Incremental adoption. You don't rip out your backend. Your API stays your API. Your database stays your database. You add one component, the onchain scoring call, and gain verifiability for the logic that matters most.
Try it yourself
The full project is on GitHub: stylus-scoring-engine. Clone it and run the whole thing in four commands:
git clone https://github.com/hummusonrails/stylus-scoring-engine.git
cd stylus-scoring-engine && pnpm install
pnpm devnode # start local arbitrum node
pnpm deploy:all # build and deploy both contracts
pnpm api # start the api server
pnpm benchmark # run the three-way gas comparison
The benchmark adds 10 scoring rules, sends a request with 10 factors and 10 cross-factor correlation pairs through 50 convergence iterations, and prints the gas cost for offchain Rust, onchain Stylus, and onchain Solidity side by side.
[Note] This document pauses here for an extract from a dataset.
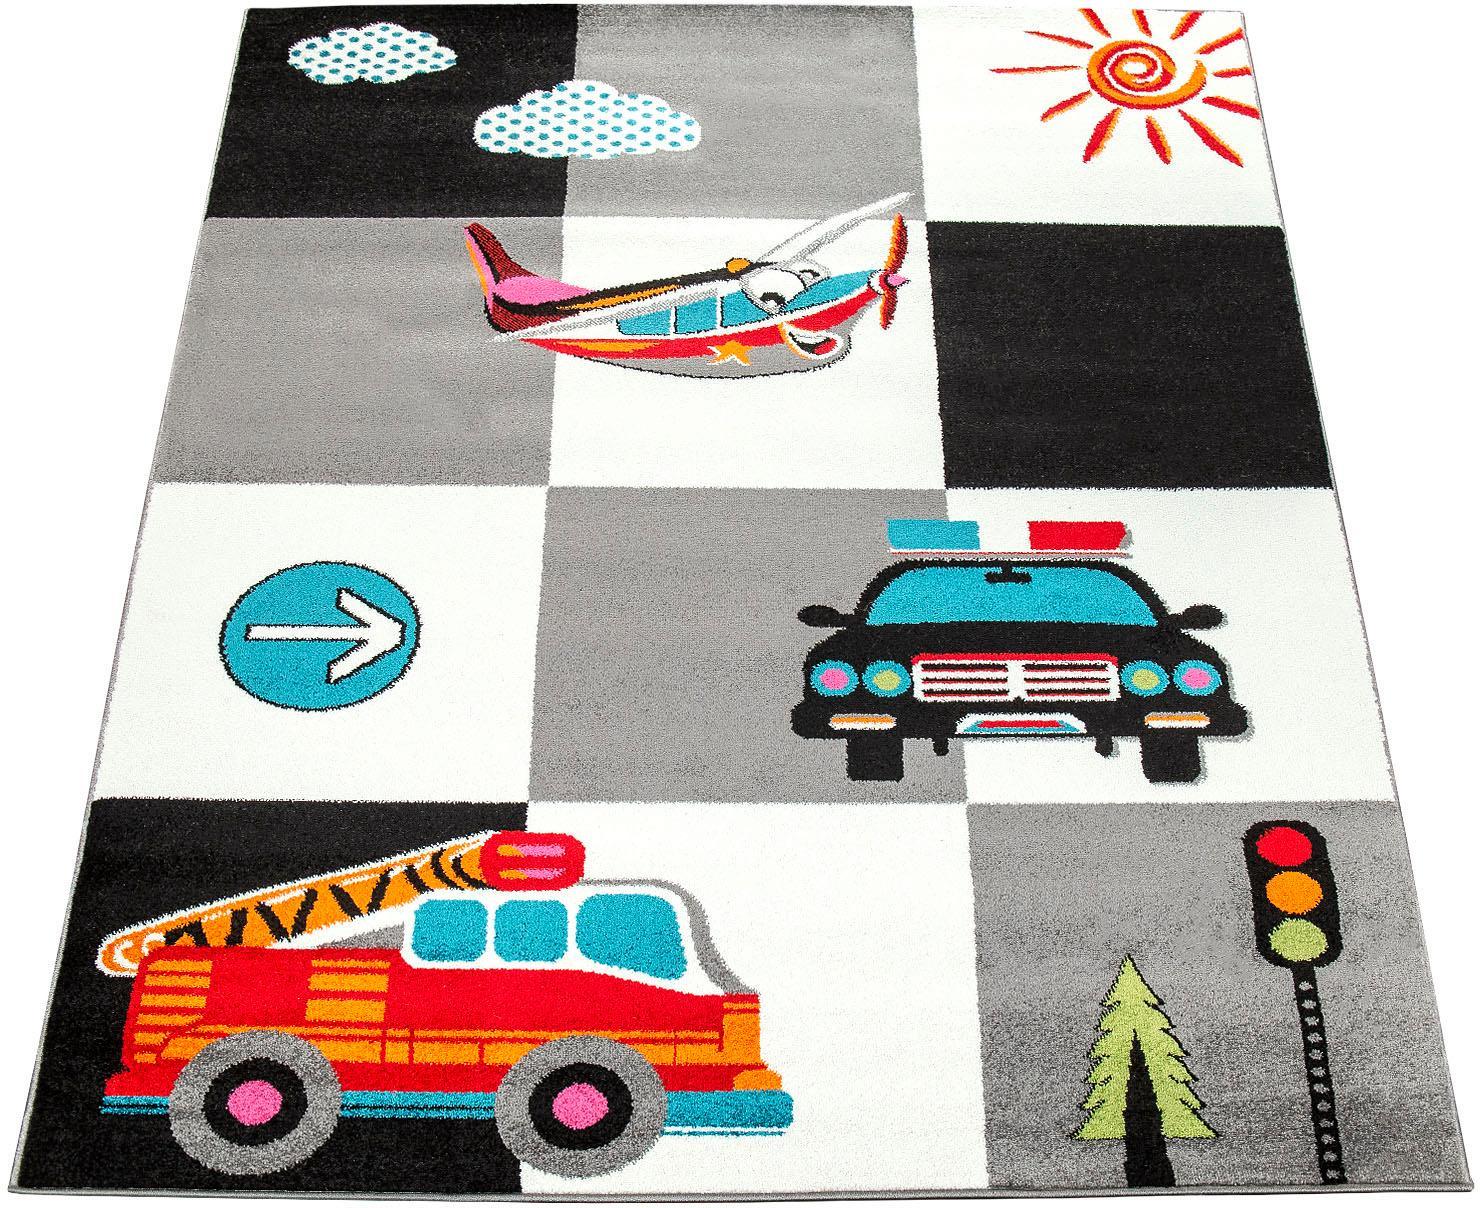 Paco Home Kinderteppich ECE 998, rechteckig, 14 mm Höhe, Kurzflor mit Verkehrmittel Motiven grau Kinder Bunte Kinderteppiche Teppiche

Swap in your own scoring logic and see where the compute savings land for your workload.
The bigger picture
You don't need to become a blockchain developer to use this. The question is simpler than that: is there logic in your system where verifiable execution would be valuable?
If you're building scoring systems, validation pipelines, compliance checks, or any computation where "trust me" is starting to feel insufficient, Stylus gives you a path. Write the same Rust you already write. Share types across the chain boundary. Deploy one function onchain and keep everything else exactly where it is.
The barrier between your backend and the blockchain just got a lot thinner.